▶ _WHAT IS NEEDED_: The material below includes pictures; leave them out and return only the lines between the line containing "2018 俄罗斯 世界杯" and the line containing "Diseño de camiseta navideño cancelado", inclusive, word for word.

▶ _DATASET_:
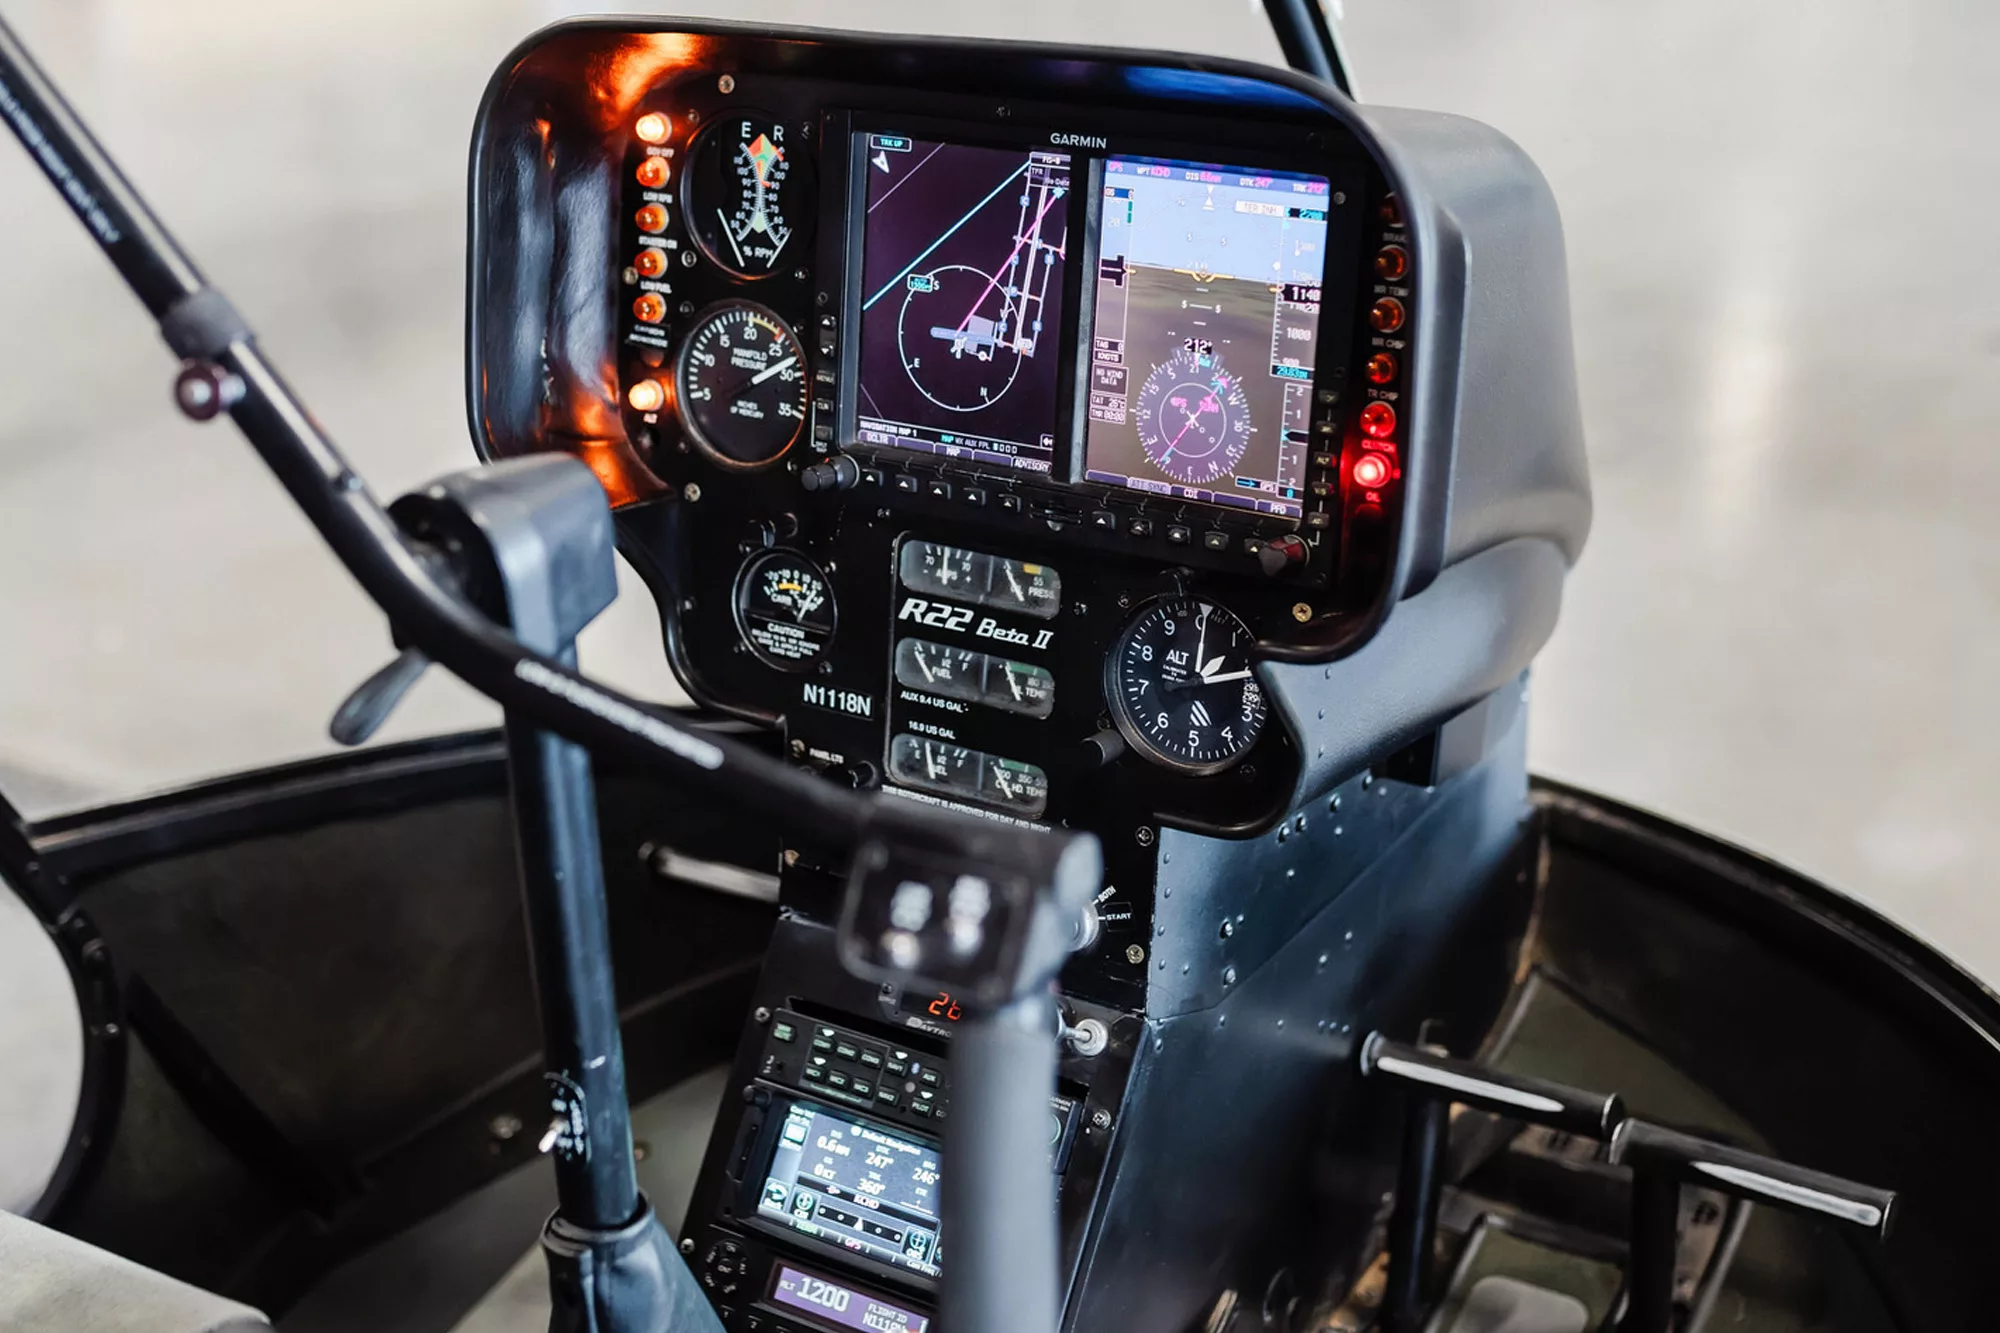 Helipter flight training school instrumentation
--
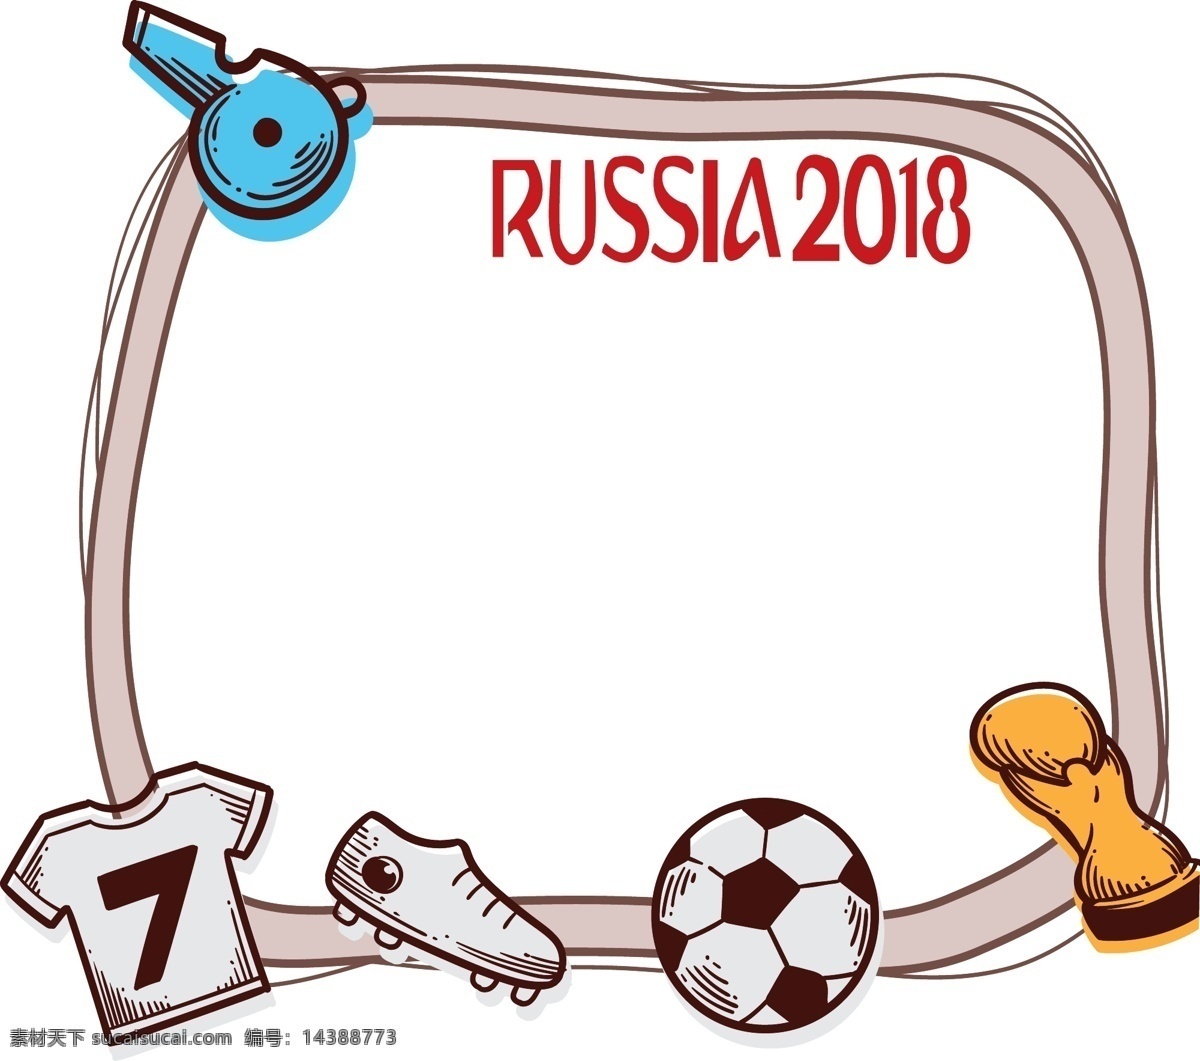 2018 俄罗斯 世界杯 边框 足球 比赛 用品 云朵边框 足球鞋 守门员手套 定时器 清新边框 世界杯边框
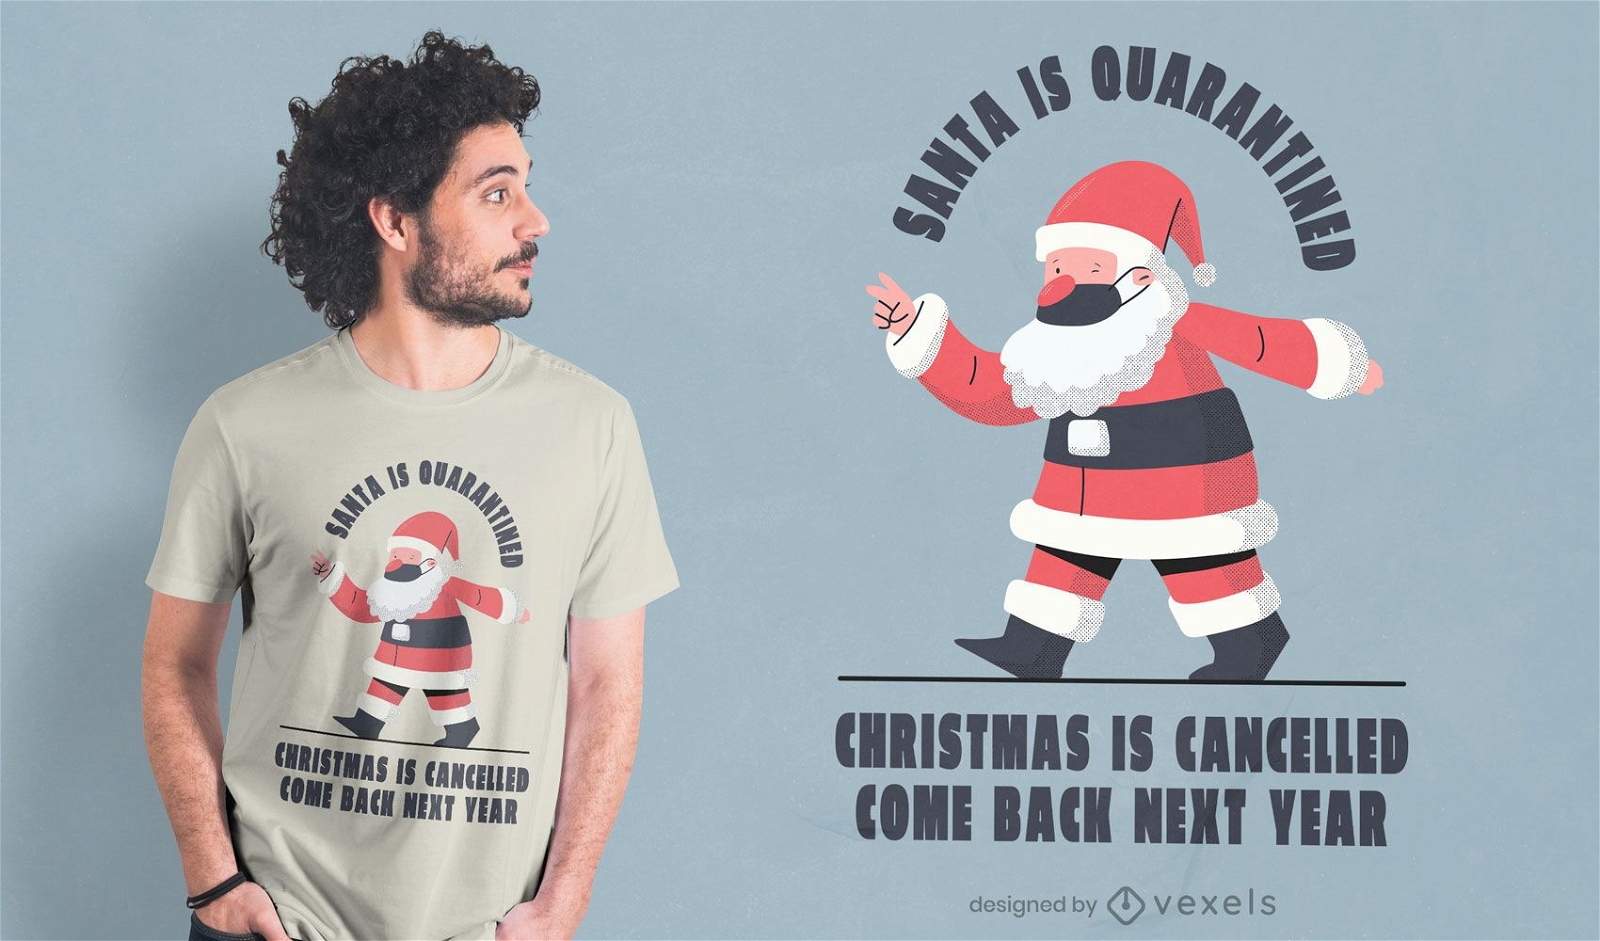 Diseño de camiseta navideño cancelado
--
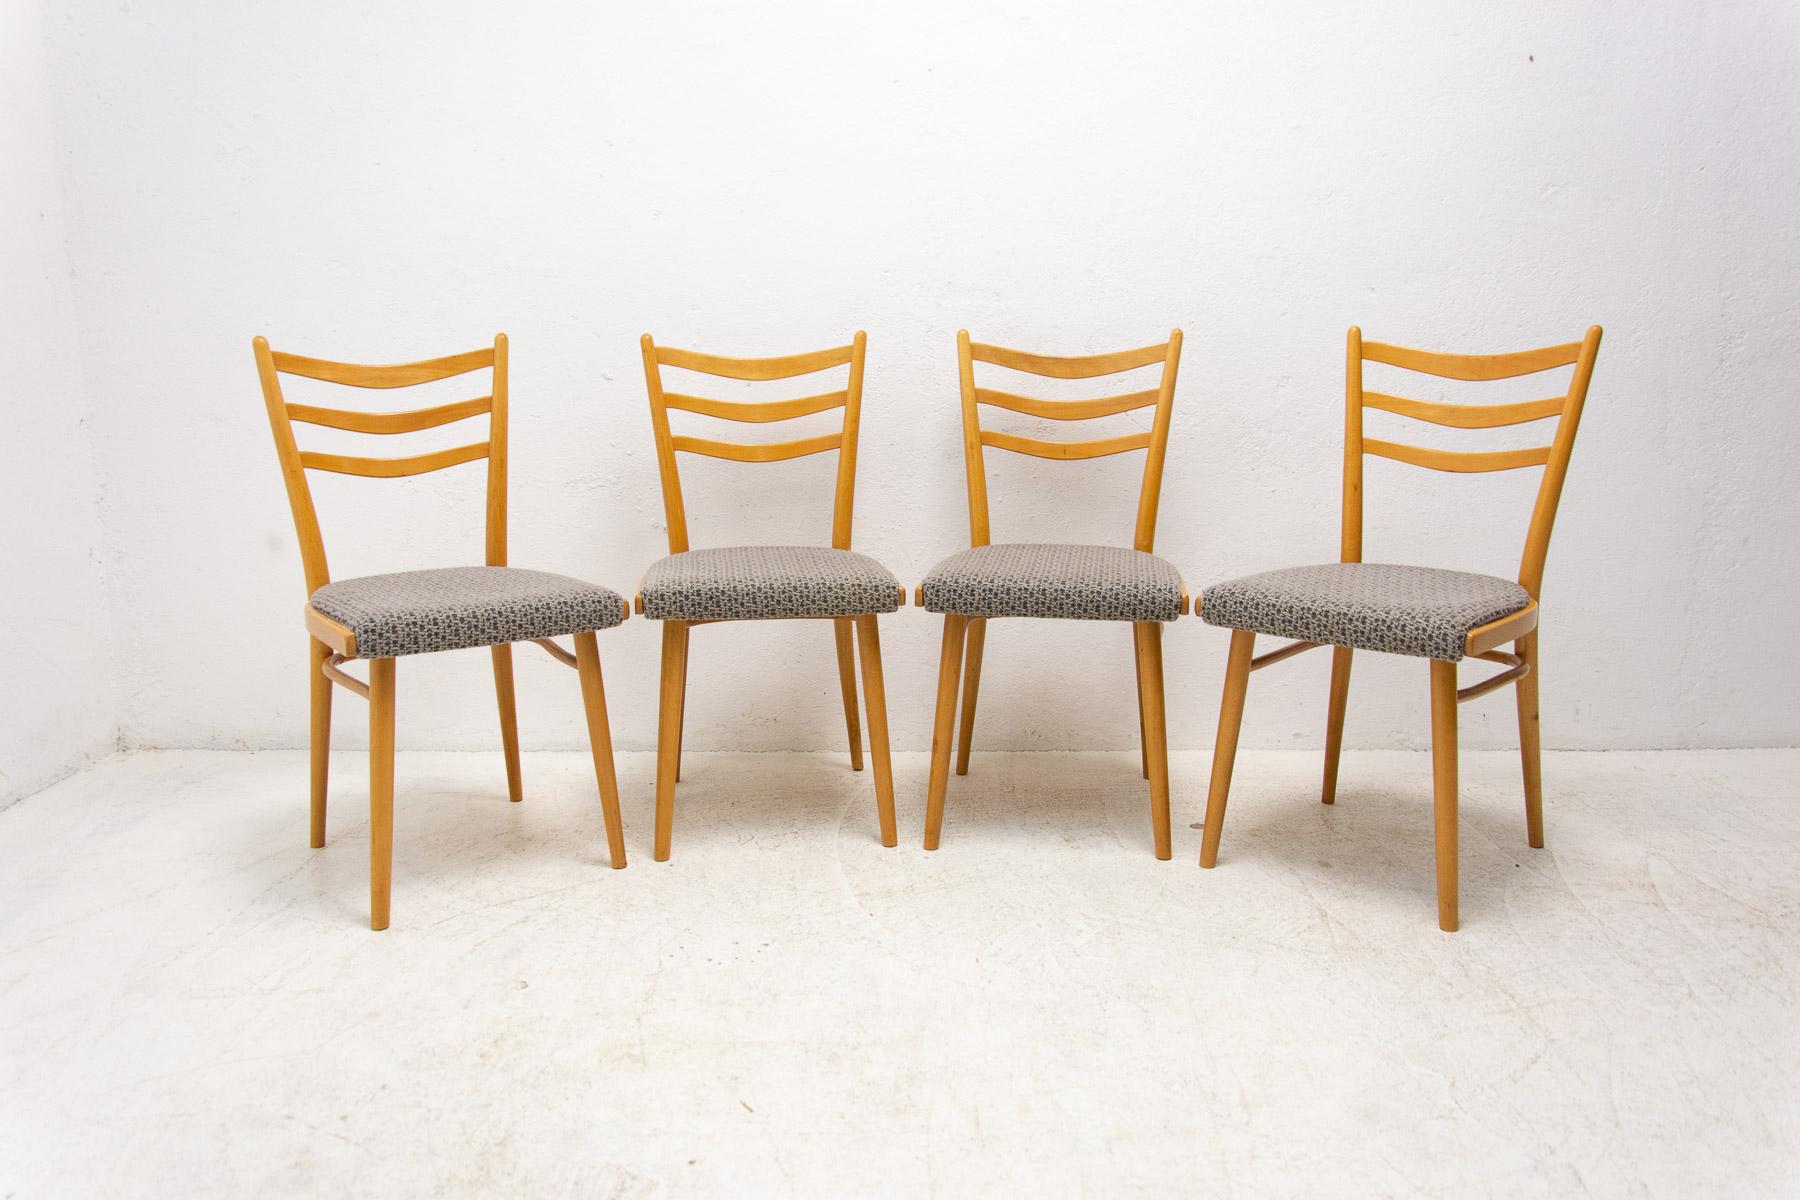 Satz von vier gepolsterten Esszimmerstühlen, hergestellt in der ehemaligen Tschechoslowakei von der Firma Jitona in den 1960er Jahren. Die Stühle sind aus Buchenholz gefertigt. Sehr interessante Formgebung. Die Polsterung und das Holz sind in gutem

▶ _ANSWER FOR THE TASK_:
 2018 俄罗斯 世界杯 边框 足球 比赛 用品 云朵边框 足球鞋 守门员手套 定时器 清新边框 世界杯边框
 Diseño de camiseta navideño cancelado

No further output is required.